After graduating from the Staff College in 1922, Smith was assigned to duty with the Organized Reserve Corps on the staff of the Third Corps Area at Fort Howard, Maryland. In 1928, Smith was assigned to command the 34th Infantry Regiment at Fort Eustis, Virginia.

Smith was chief of the War Department's Military Intelligence Division from January 3, 1931 to January 2, 1935. He was promoted to brigadier general in January 1932. From February to May 1935, Smith was assigned to Fort Devens, Massachusetts as commander of the 18th Infantry Brigade, a unit of the 9th Infantry Division.

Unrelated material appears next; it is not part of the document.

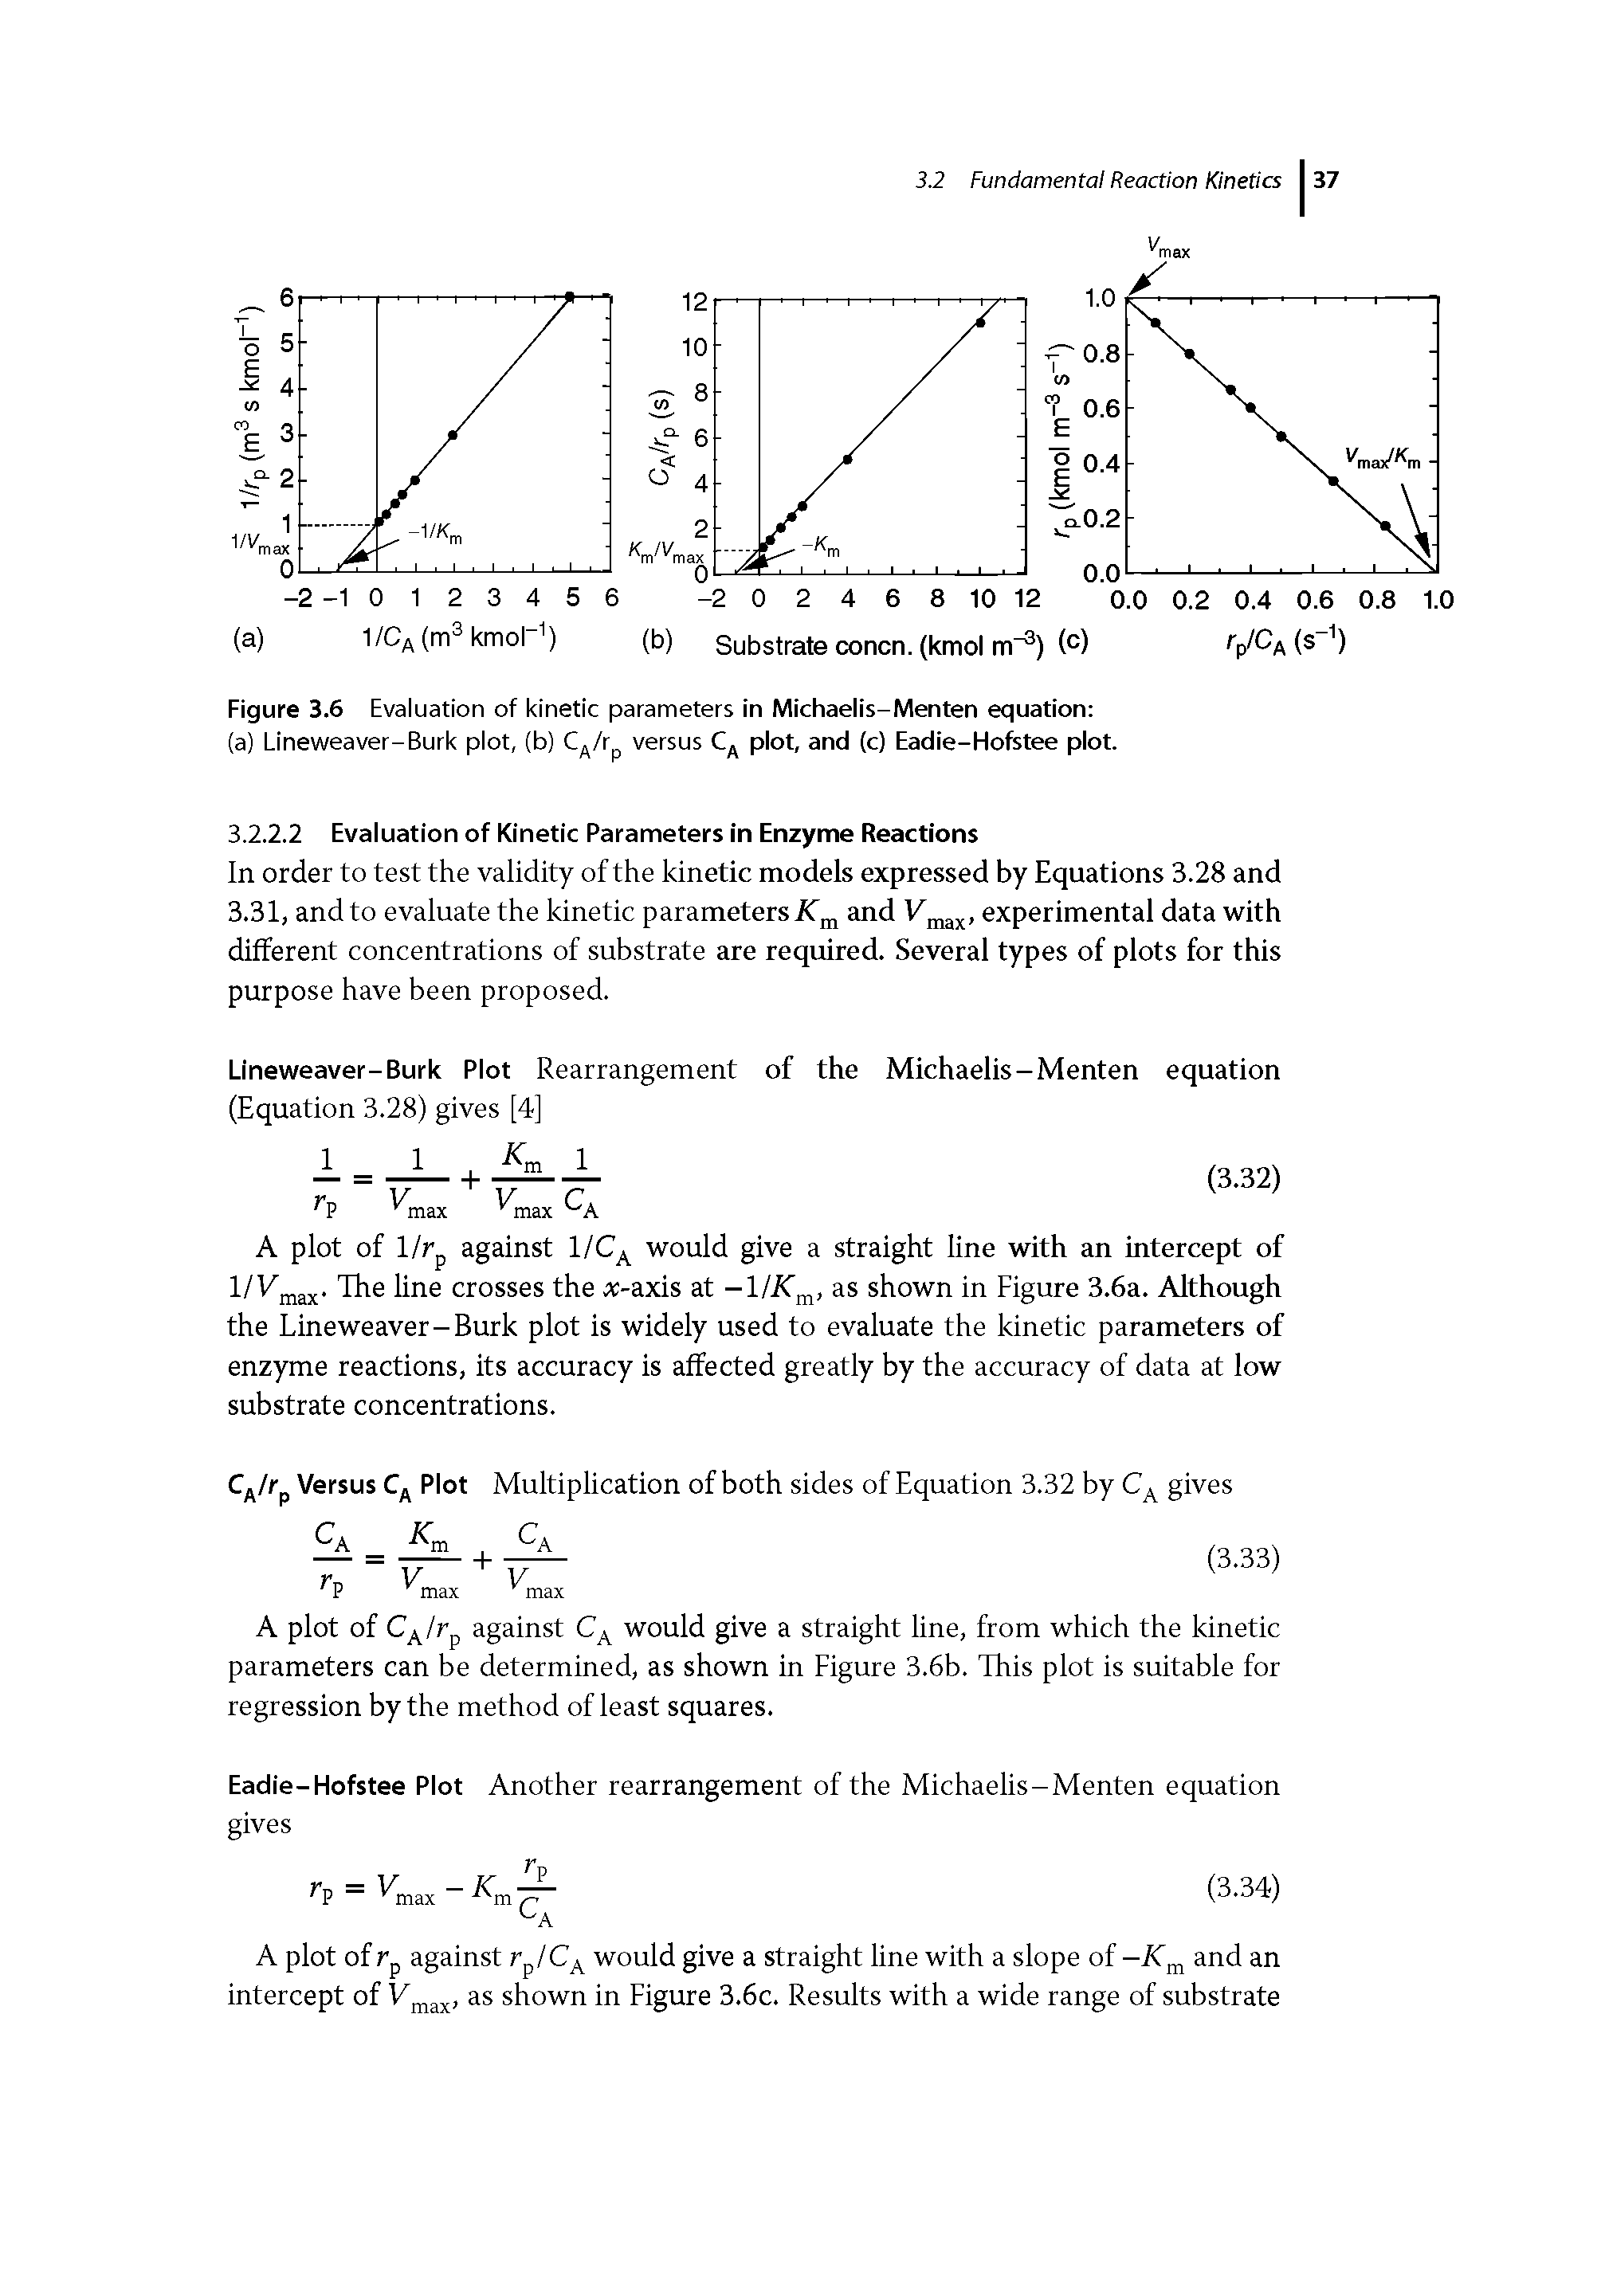 Figure 3.6 Evaluation of kinetic parameters in Michaelis-Menten equation (a) Lineweaver-Burk plot, (b) C /r versus plot, and (c) Eadie-Hofstee plot.

From June 1935 to January 1937, Smith commanded the Philippine Division. From July 1937 to January 1938, he commanded the 3rd Infantry Division at Fort Lewis, Washington. Smith left the Army for disability in May 1938, a few months before reaching the mandatory retirement age of 64.

==Later life==
By virtue of his service in the Philippines, Smith was a member of the Military Order of the Carabao.

In retirement, Smith was a resident of Washington, D.C. He died at Walter Reed Army Medical Center on November 27, 1939. Smith was buried at Arlington National Cemetery.

==Awards==
Smith received the Citation Star for his heroism in Cuba. When the Army created the Silver Star decoration in 1918, Smith's award was converted to the new medal. He was also a recipient of the Order of the Crown of Italy (Commander), which was presented by the King of Italy to recognize his services on that country's behalf during World War I.

==Family==
On February 24, 1903, Smith married Annie Y. Pike (1879–1952), the granddaughter of Albert Pike. They were married until his death and had no children.

Smith had one sister, Frances (1877–1940). She was the wife of Army Colonel Glenn Hedges Davis (1869–1922).